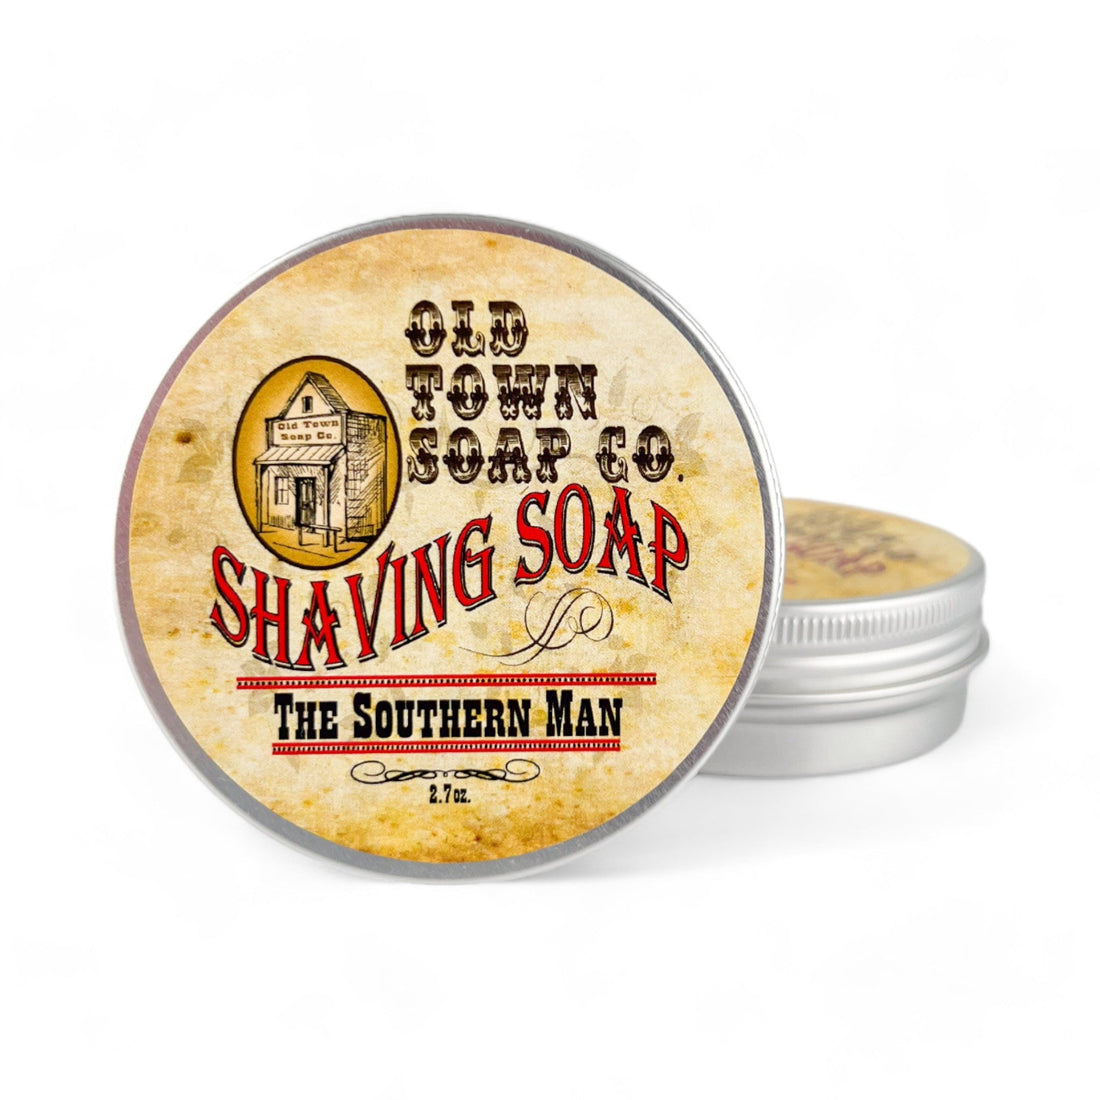 The Southern Man -Shave Soap Tin - Old Town Soap Co.
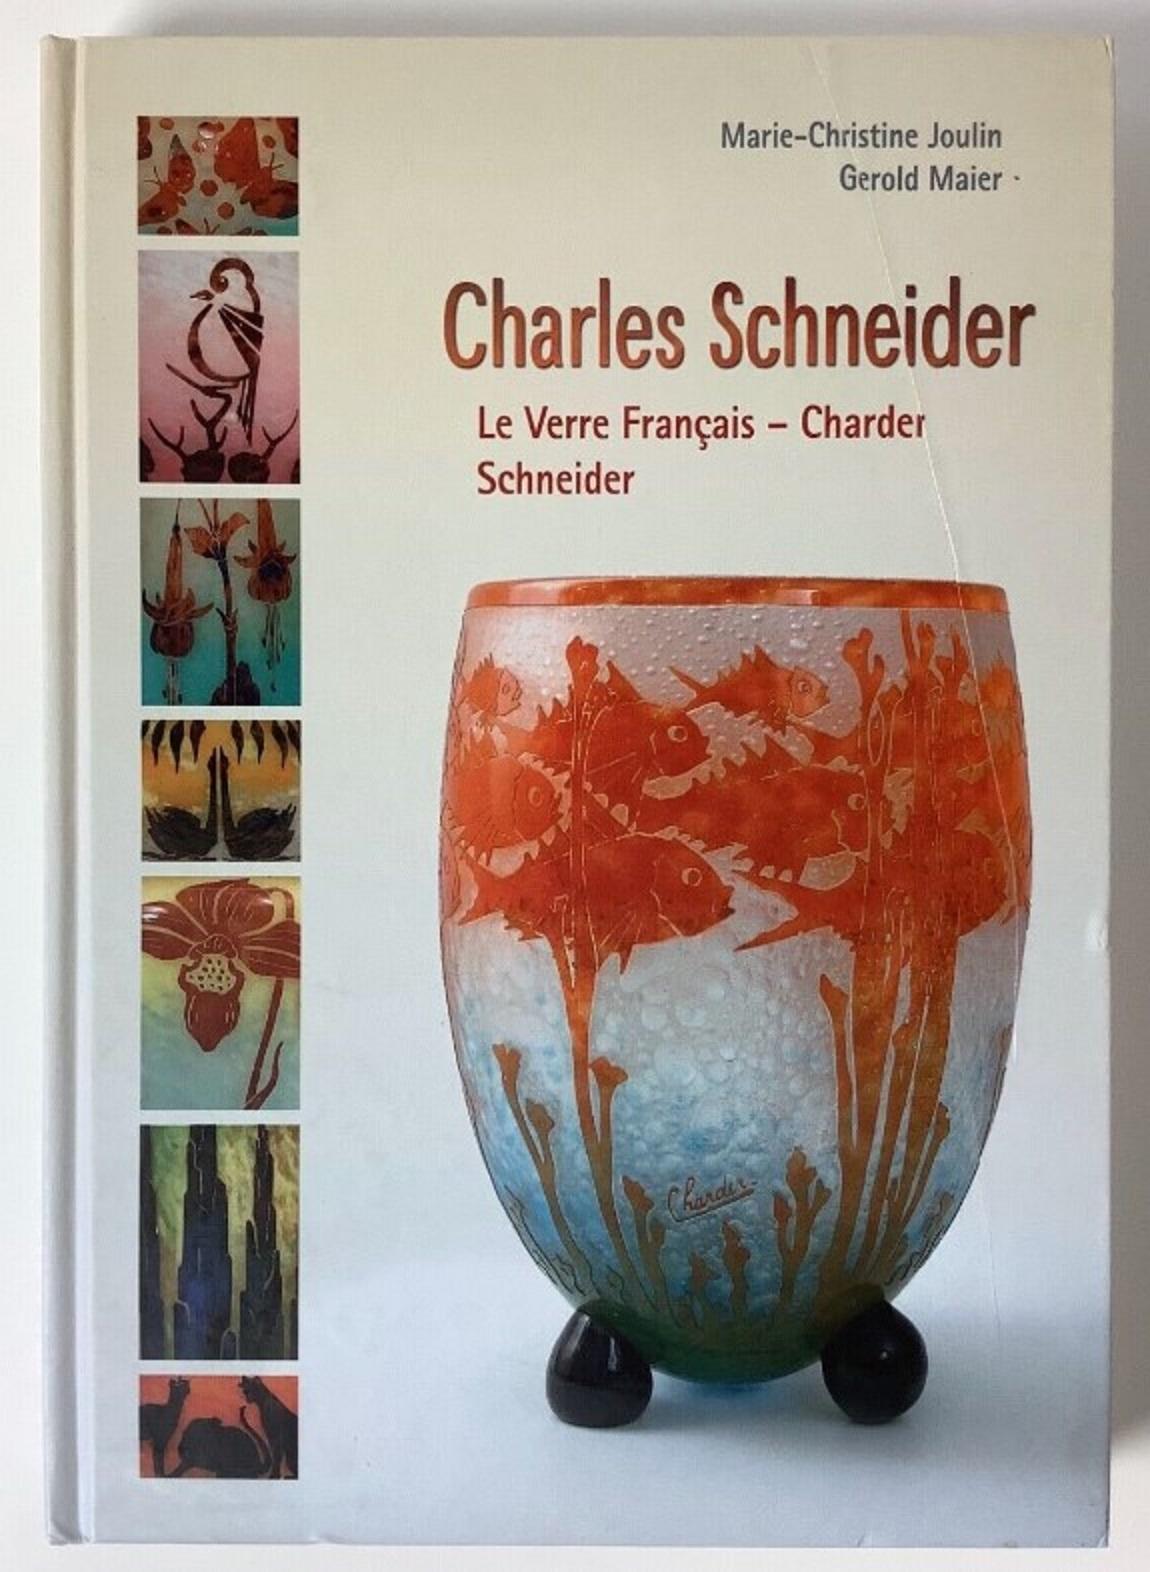 Sign: Charder
CHARDER was a name made up from the first part of Charles and the second part of Schnieder. It was sometimes marked on glass designed by Charles Schneider, particularly pieces in the Le Verre Francais line.
Le Verre Francais was a
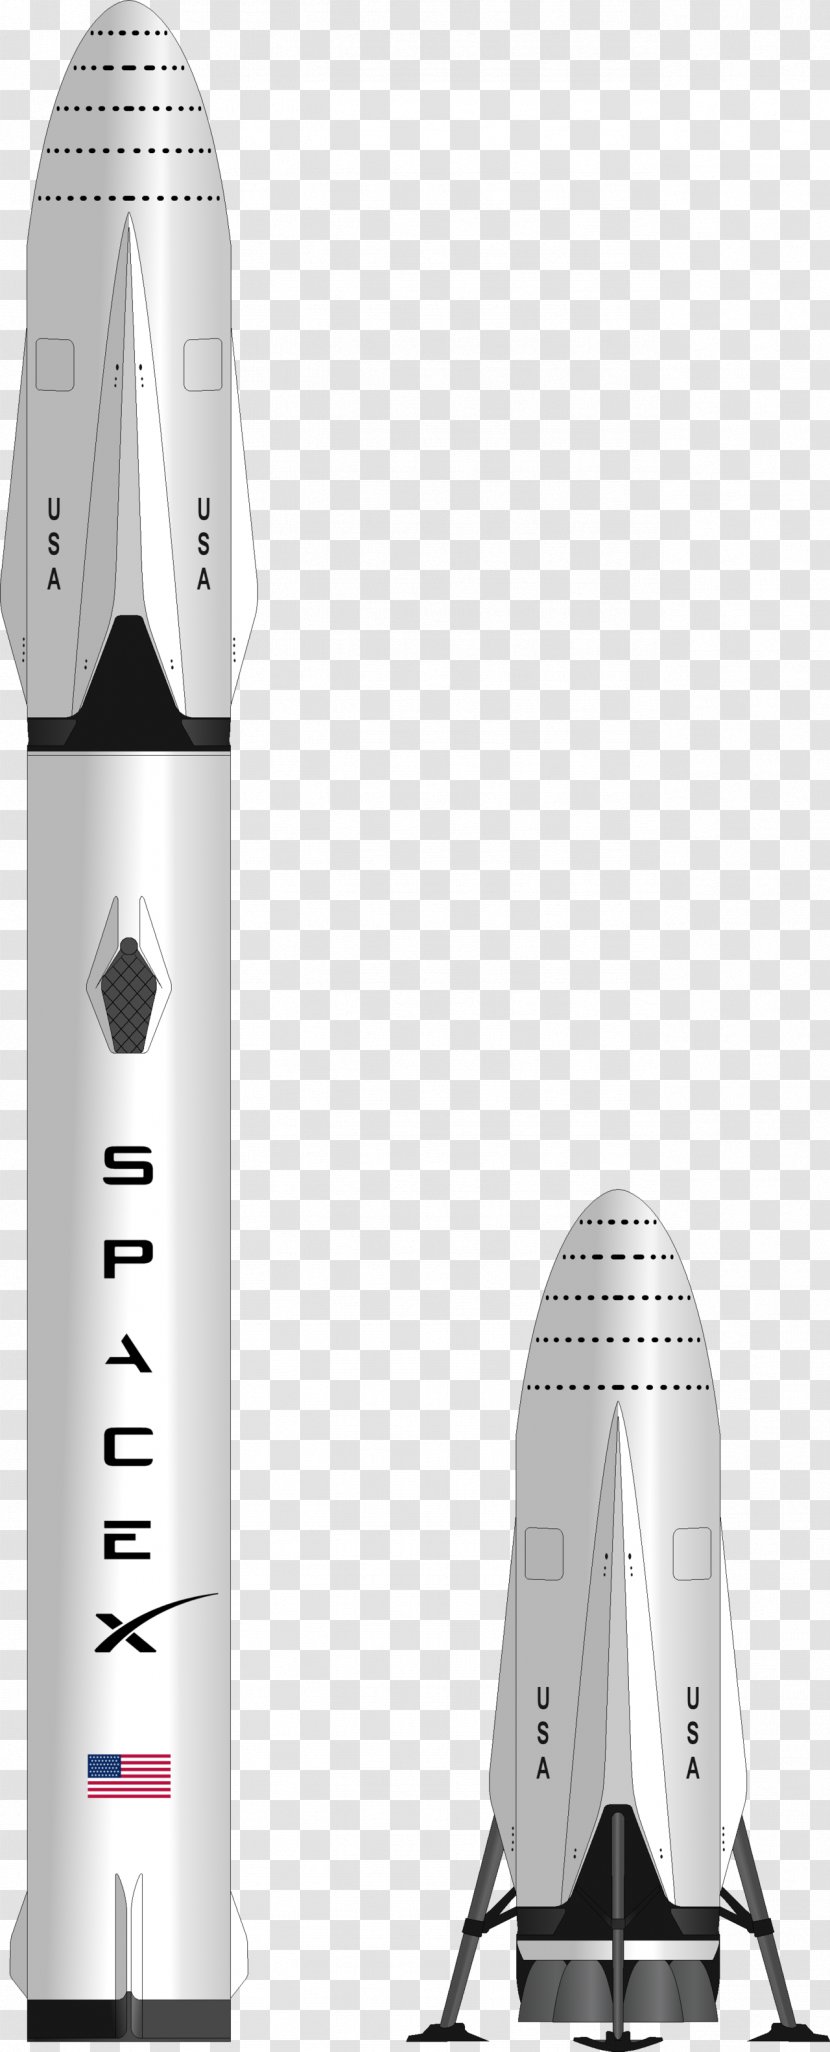 View Spacex Logo White Background Images
____________________
• Exercise objective: Above is a listing with pictures. Write it out exactly without them.

• Task result:
 The Southern Man -Shave Soap Tin - Old Town Soap Co.
 Sign: Charder
CHARDER was a name made up from the first part of Charles and the second part of Schnieder. It was sometimes marked on glass designed by Charles Schneider, particularly pieces in the Le Verre Francais line.
Le Verre Francais was a
 View Spacex Logo White Background Images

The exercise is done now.